Open GCVulnerability opened 3 months ago
Thanks for the question, we will release that soon!
Thanks for the question, we will release that soon!
Could you please give an approximate release time? Otherwise, we will consider implementing our own evaluation code. But this may lead to differences in our results.
Thanks for your work.
Also, may I ask if you calculate recall value based on the final generated patch and the ground truth patch? (without considering the code retrieved during the intermediate process before generating the patch)
Could you please give an approximate release time?
Our hope is sometime this week or early next week
calculate recall value
Not totally sure what you mean, can you please elaborate a bit more?

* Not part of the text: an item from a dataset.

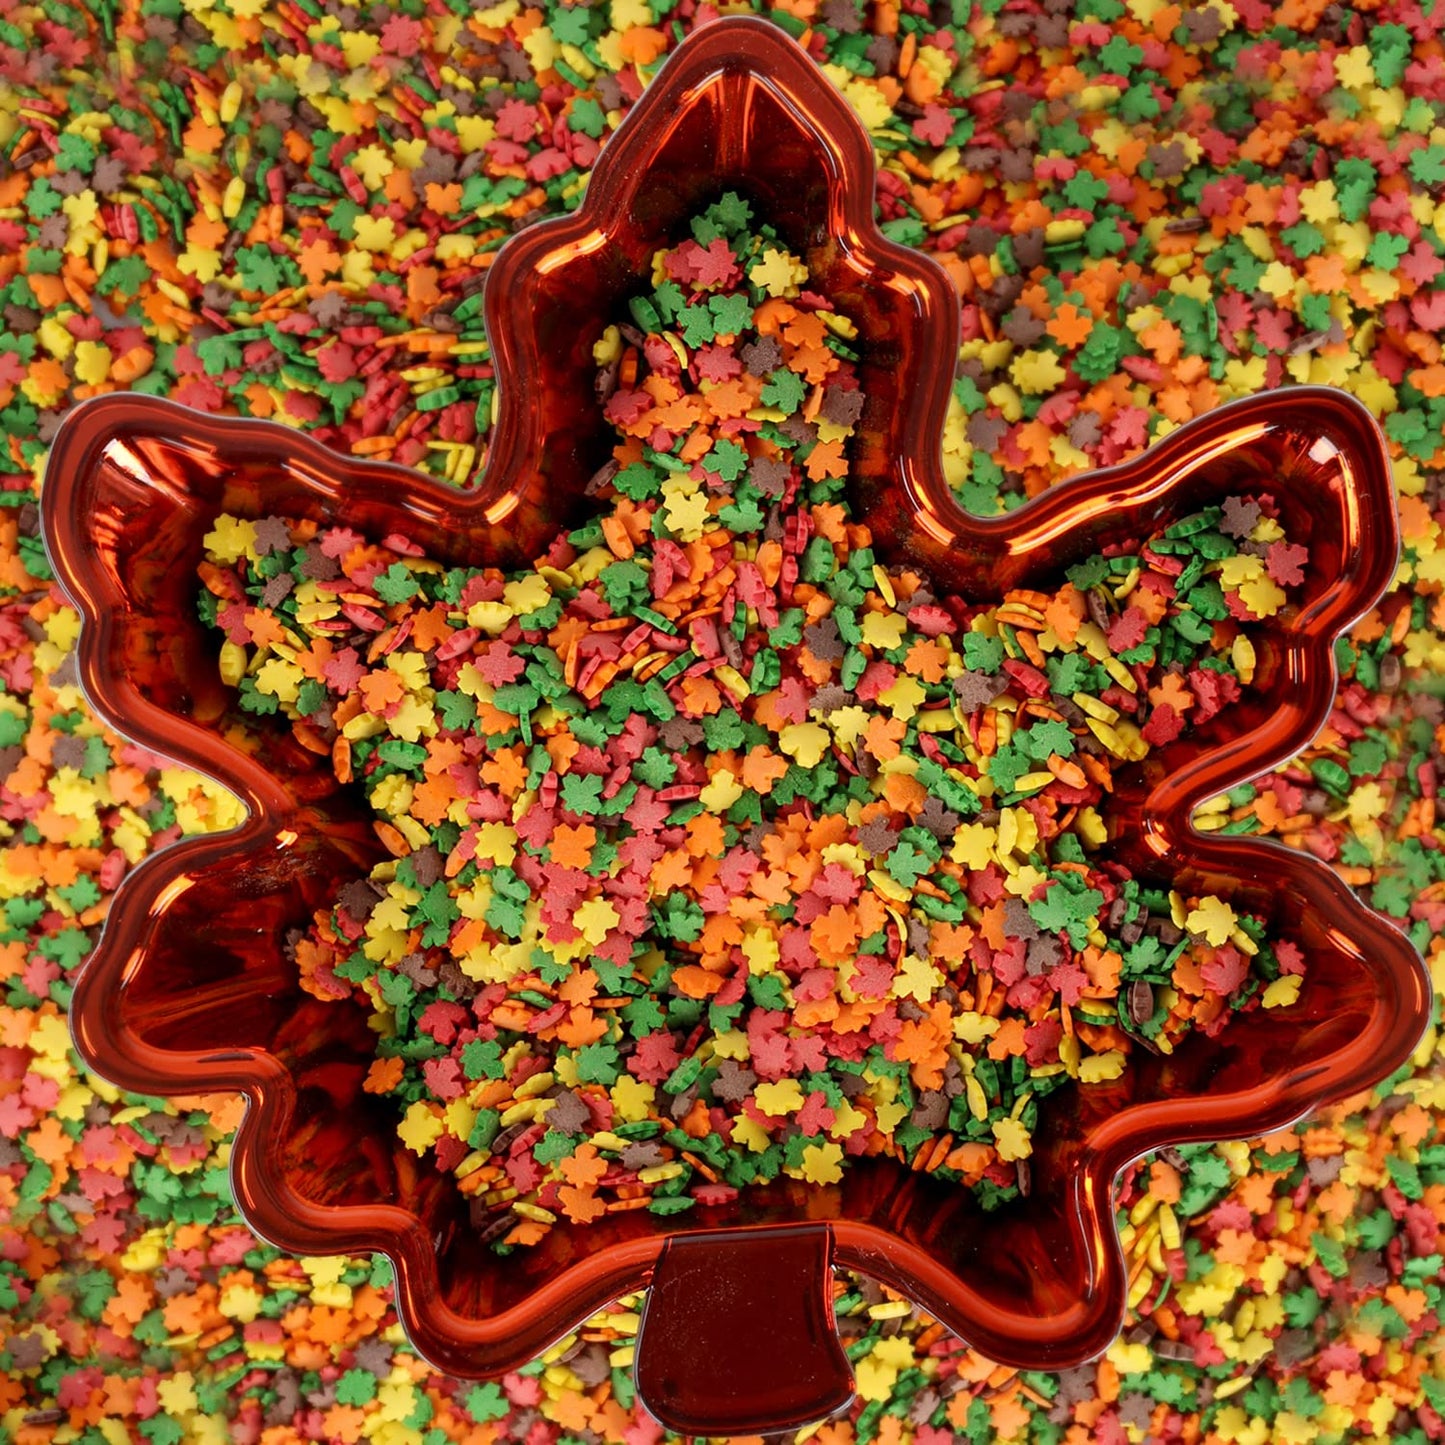 Autumn Leaf Confetti Sprinkles - 10 oz Bulk - Thanksgiving Jimmies - Fall Leaves for Cake Cupcake Cookie Decorating - Harvest Decorating - Dessert Topping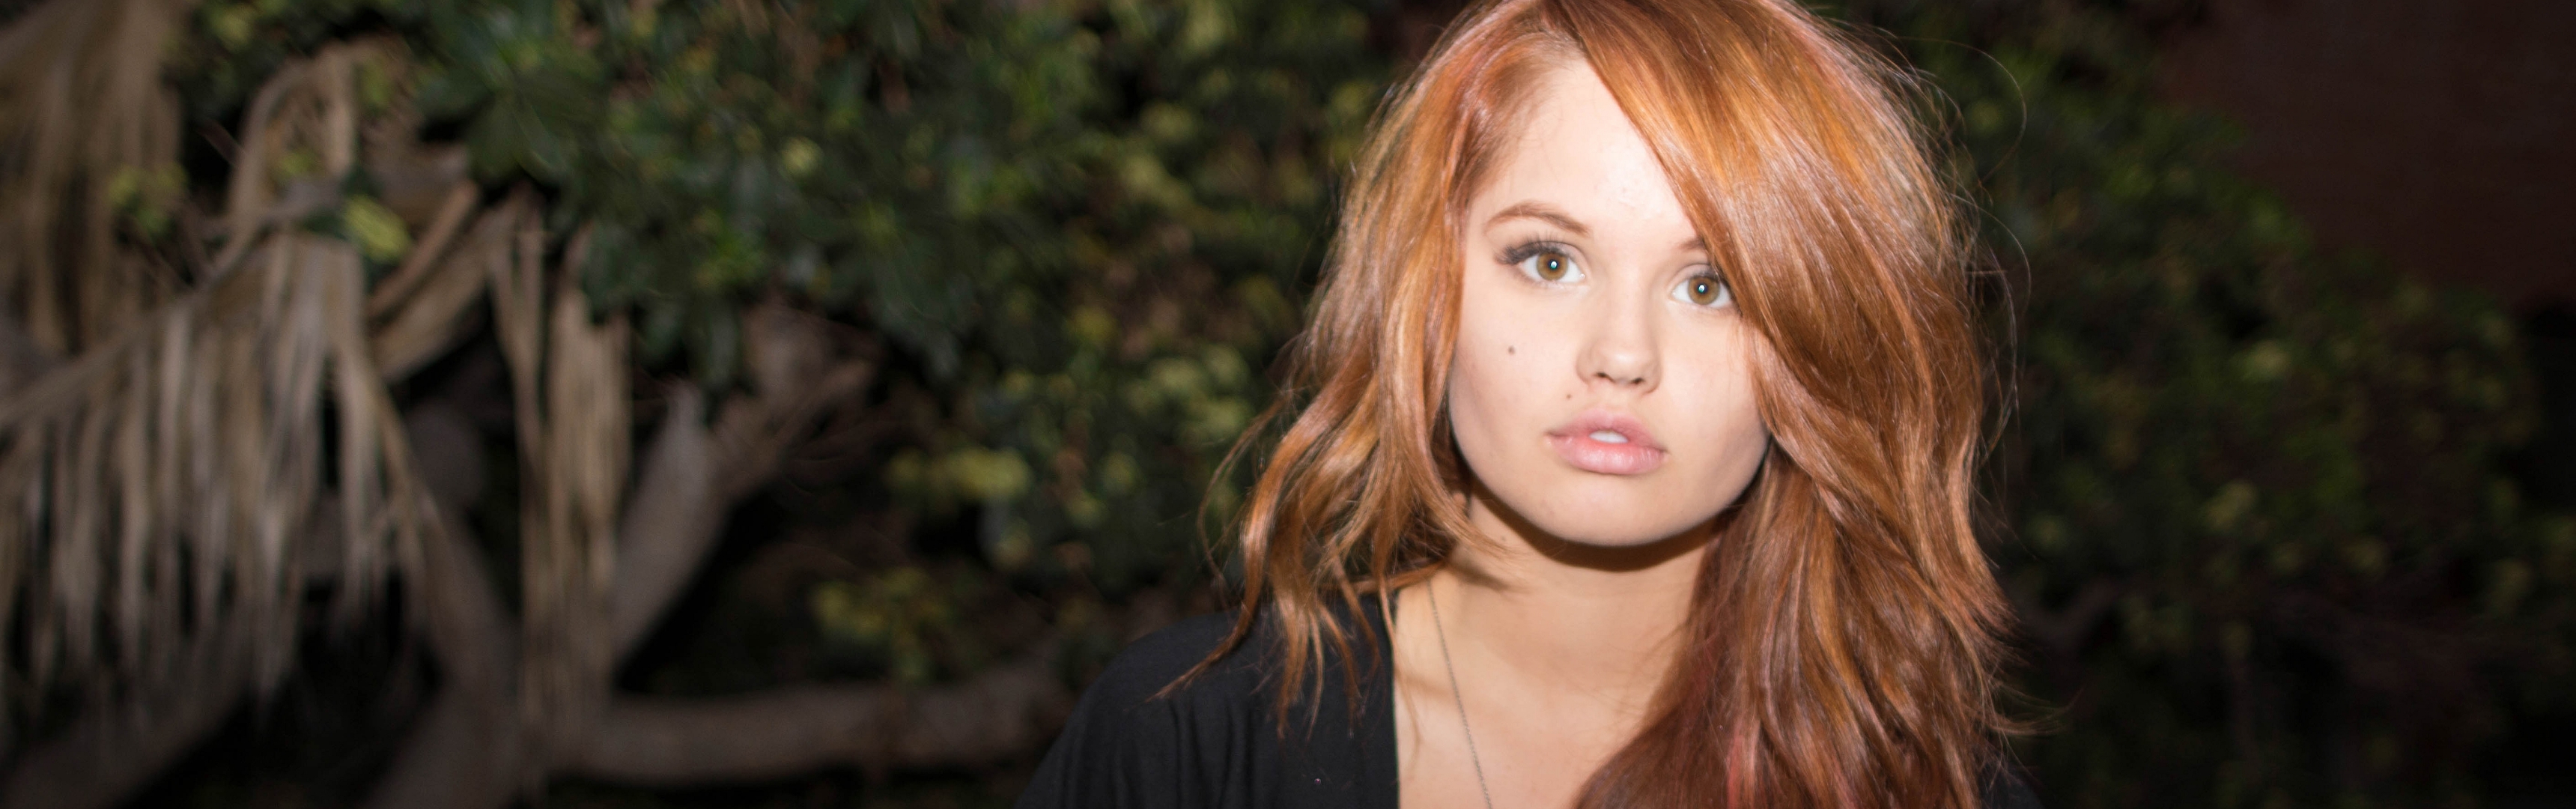 3440x1080 Debby Ryan Images 3440x1080 Resolution Wallpaper Hd Celebrities 4k Wallpapers Images

By recall value (used in SWE-bench paper), I want to mean "% Correct Location" in your paper. But after reading your paper carefully, now I think the two concepts are different.
Recall value measures the performance of RAG in SWE-bench paper. I am confused by the meaning of "% Correct Location", which encourages more code changes (to cover ground truth patch)?
right so in our paper "% Correct Location" measure the percentage of time the patch edits the location as the groundtruth developer patch. We count it as the correct location if the patch edits a superset of all the locations. For example if its the function granularity, if a patch edits func1 and func2 but the groundtruth patch edits only func1 we still count it as correct. You can see Section 3 in the paper for more detail
Thanks for your explanation! I have got it.
Any updates for the eval of fault location accuracy?
Hi, Agentless is an amazing work. I notice that '% Correct Location' is mentioned in the paper. I'm really interested in the Fault Location of SWE-bench. So can you please provide the ground truth of SWE-bench lite and the evaluation code?